Critical care is an alien and often very frightening experience for children, and as highlighted in the literature, it is the duty of staff to provide comfort and a safe environment. In my clinical role I get to know my patients personally, and they in turn can develop their trust in me. This relationship provides familiarity and routine for children in my care; but also brings positive affirmation to the job I do. Whilst working with critically unwell children often involves performing uncomfortable procedures, a close relationship often means that I can appreciate the long-term benefit this care provides. A few months ago I received an email containing photos of my patient visiting the London Eye, after they successfully made it home from a difficult and at times very traumatic, lengthy stay. This picture formed the cornerstone of my artistic piece and helped me to reflect upon my experience of caring for this child.

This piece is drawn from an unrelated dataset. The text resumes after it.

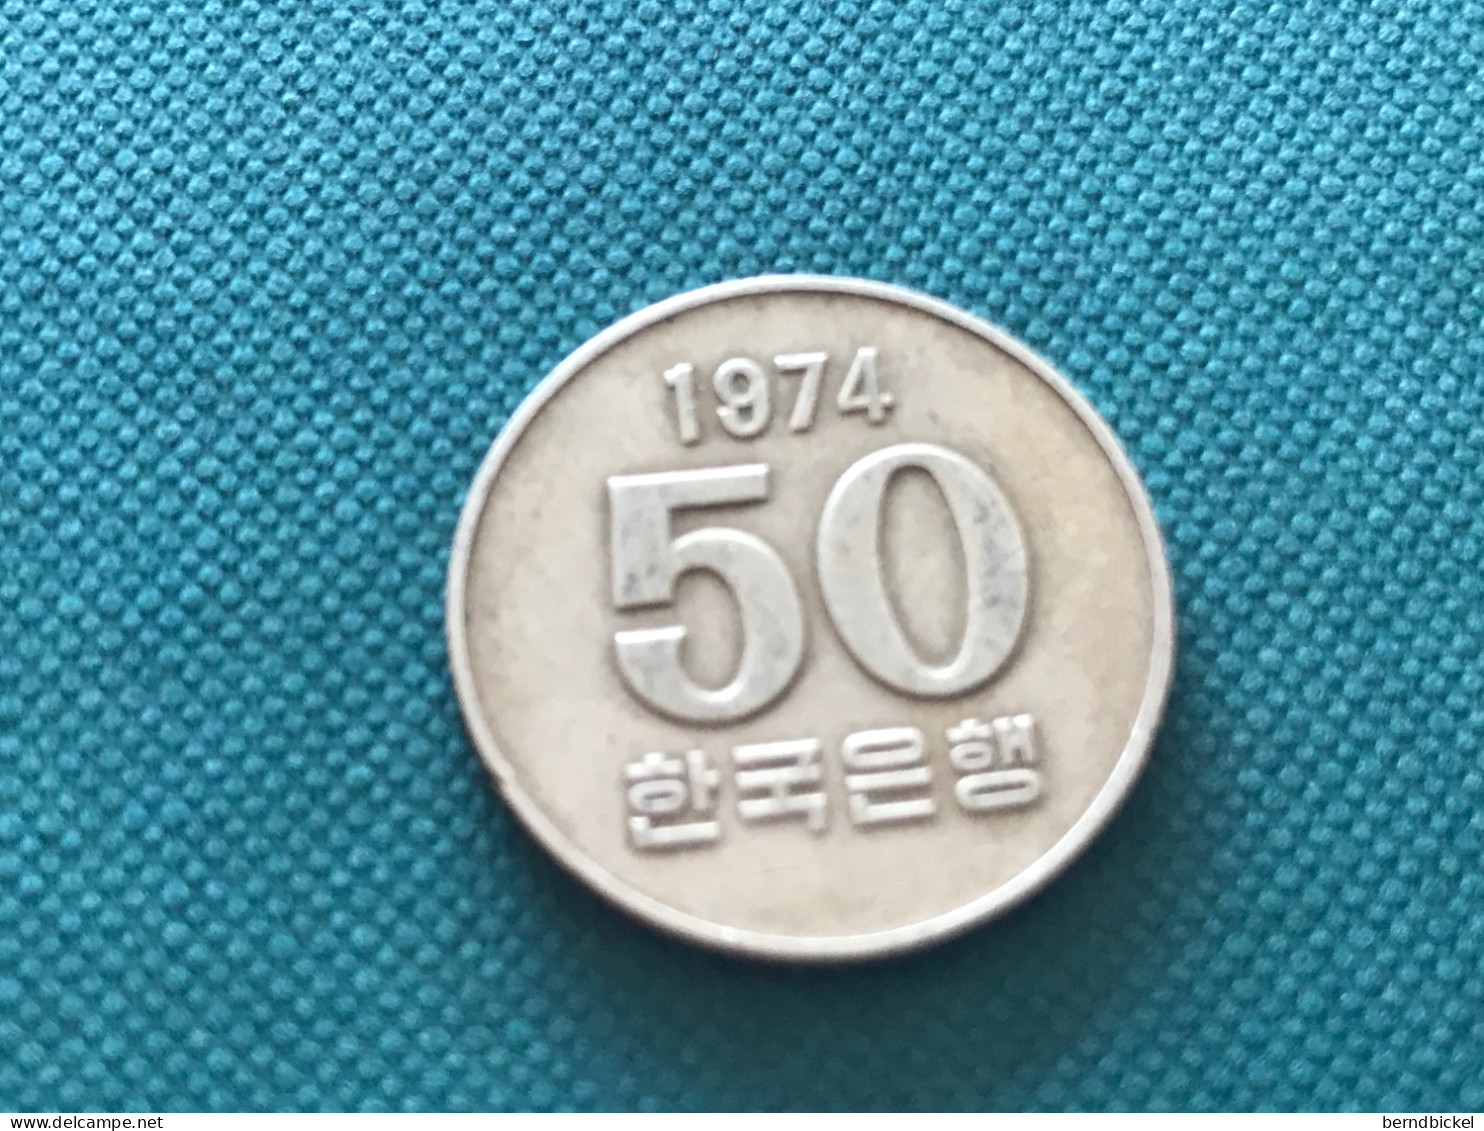 Münzen Münze Umlaufmünze Süd-Korea 50 Won 1974 - Coreal Del Sur

The experiences of parents’ grief, and unit staff sharing in their sorrow, highlights to me that expression of emotion can be one of the most important aspects of care. I have learnt that I do not need to be afraid of expressing emotion if it is appropriate, and that actions to provide comfort can speak louder than words. Development of personal relationships with my patients and their families occur over time, and I otherwise maintain a degree of personal emotional detachment when working in a critical care environment. I do however feel it is important to be able to express empathy, even in scenarios where an emotional relationship has not been formed. A recent shift ended with the loss of a child on the unit. In this instance I assisted by looking after the mother when she became unwell during the resuscitation attempt. I had never met the mother or child before that day, and found myself feeling little personal emotion. Despite this I spent the next twenty minutes holding her hand and giving her what support I could. I worried afterwards that my lack of emotion could be a sign of becoming less human and too detached. However, on reflection, I realise it is the process of desensitising myself in order to cope with such scenarios that allows me to continue, and that this is still a human way to care. I chose to include the story of this mother in my artistic piece, as this reflection was an important personal realisation for me. The anonymous mother has been depicted in my image as made up of broken pieces, stood at the end of an empty bed.

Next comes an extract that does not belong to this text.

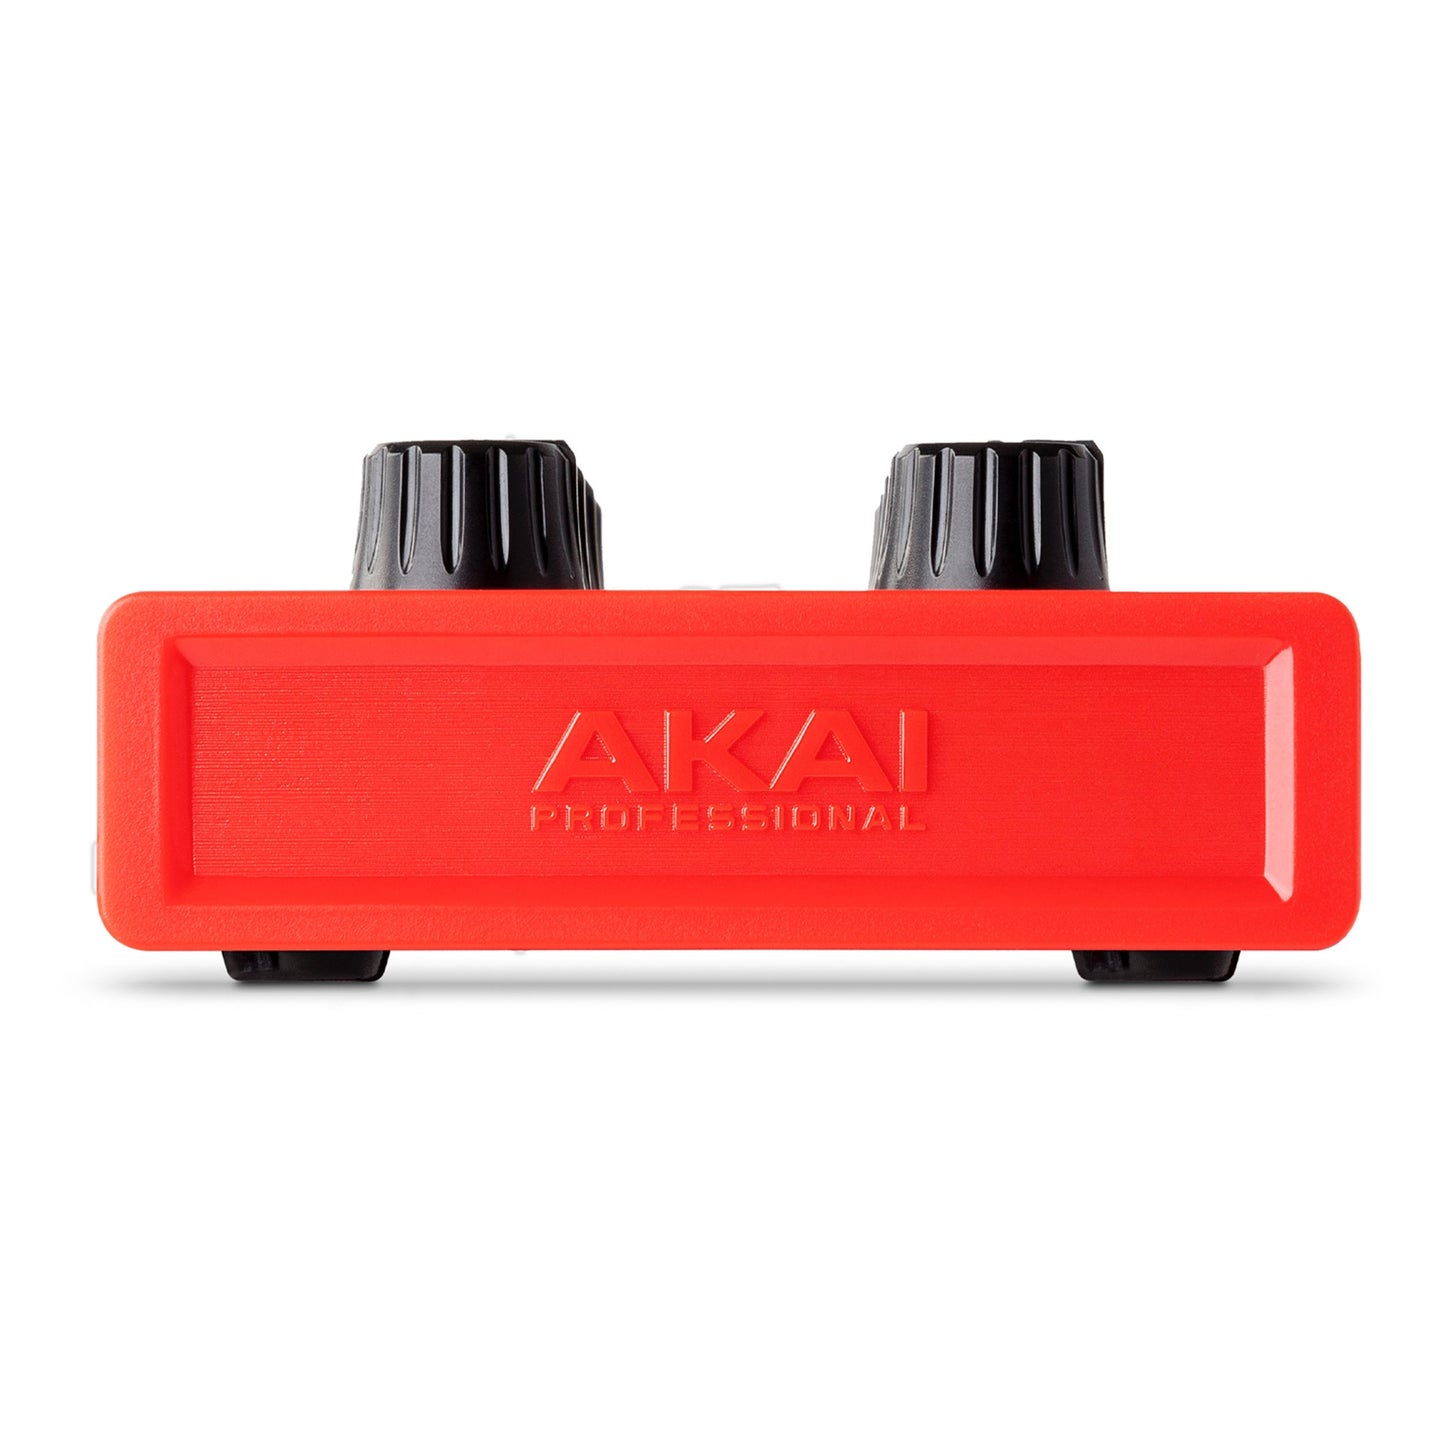 Akai Professional LPD8 MK2 USB-MIDI Pad Controller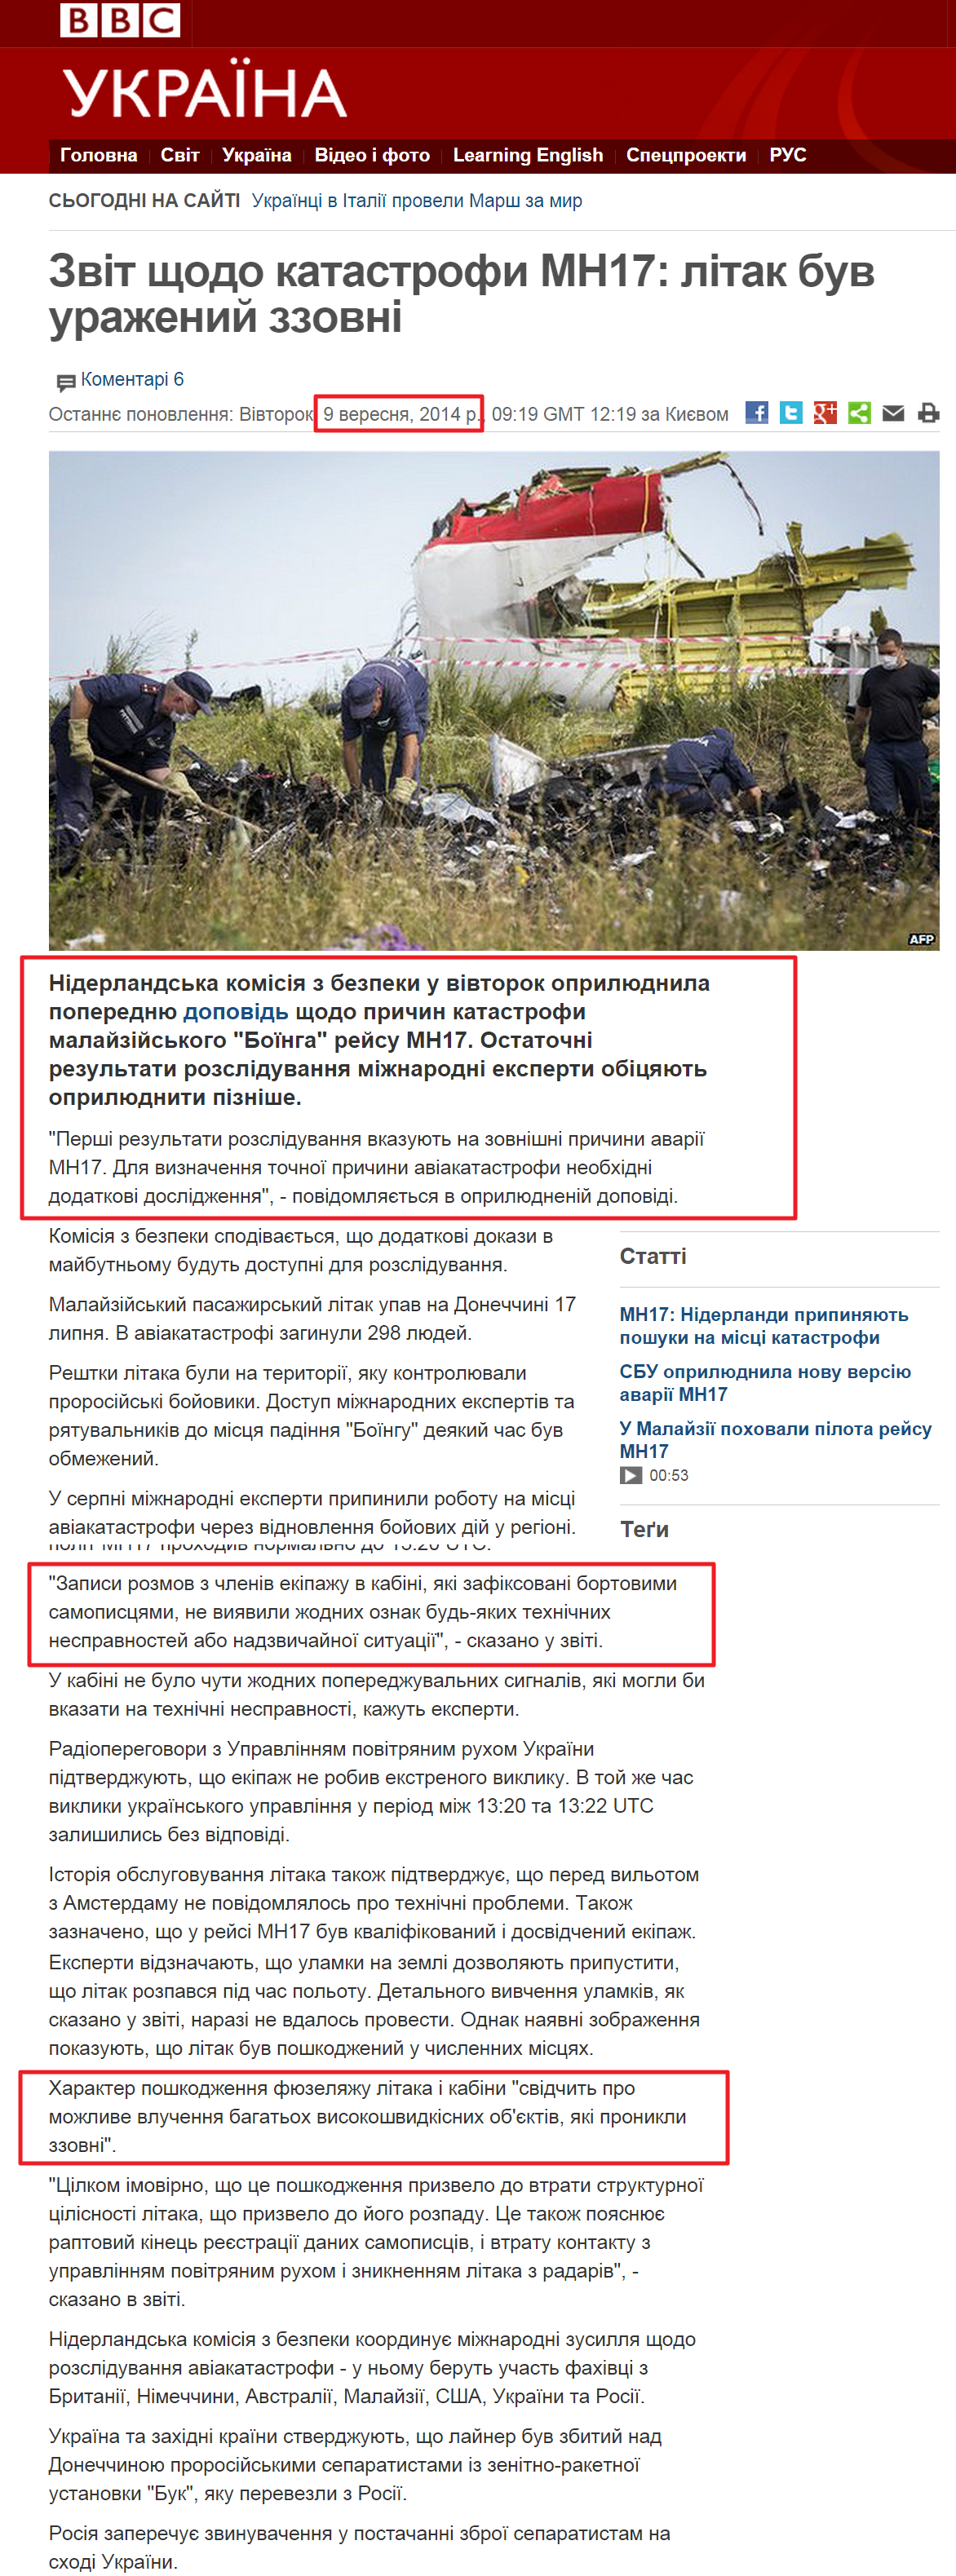 http://www.bbc.co.uk/ukrainian/politics/2014/09/140909_mh17_crash_dutch_report_zsh.shtml

Before working in Paediatric Intensive Care I had never considered attending a patient’s funeral, and was a little surprised to find this a relatively common practice. When I was first invited to attend the funeral of one of my long-stay patients, I initially hesitated, but I am now overwhelmingly glad I attended. During this little girl’s hospital stay there were multiple occasions of disagreement between her parents and the clinical team; and there were times when I had to cause significant distress to their child in attempting to facilitate her recovery. Hearing her parents acknowledge that everyone did the best they could in caring for their child provided me with great comfort, but more importantly, I was able to see how our presence at the funeral gave validation to them in this belief. I imagined this little girl as now flying free, thus depicting her as a little bird uncaged.

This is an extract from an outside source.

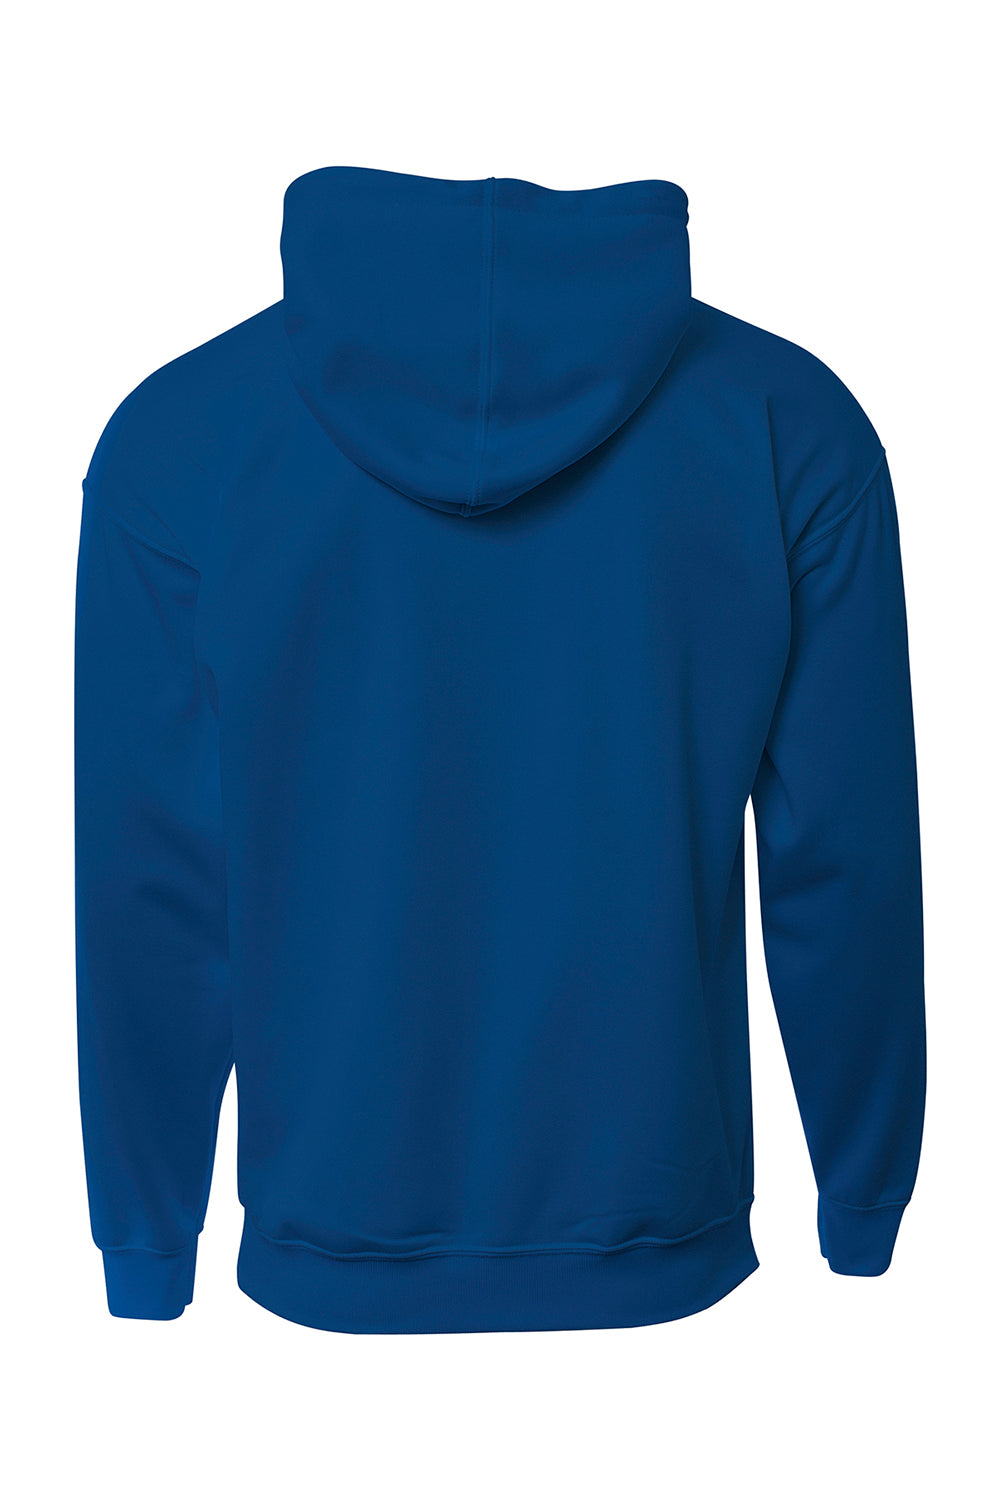 A4 N4279 Mens Sprint Tech Fleece Hooded Sweatshirt Navy Blue Flat Back

In order that emotional expression is harnessed positively it seems imperative that staff have access to appropriate support services. I believe that staff should always have access to debrief sessions to allow for reflective thought, have adjustments of workload in times of severe stress, and have access to counselling. Also, I am firmly of the belief that staff should be supported to attend funerals when it is appropriate, as the benefits of this extend not just to the family and staff, but to the hospital providers through staff representation. Finally, I believe that there should be more formal acknowledgement in clinical guidelines that emotional expression is a human and natural part of caring, and can be a positive and integral part of professional care.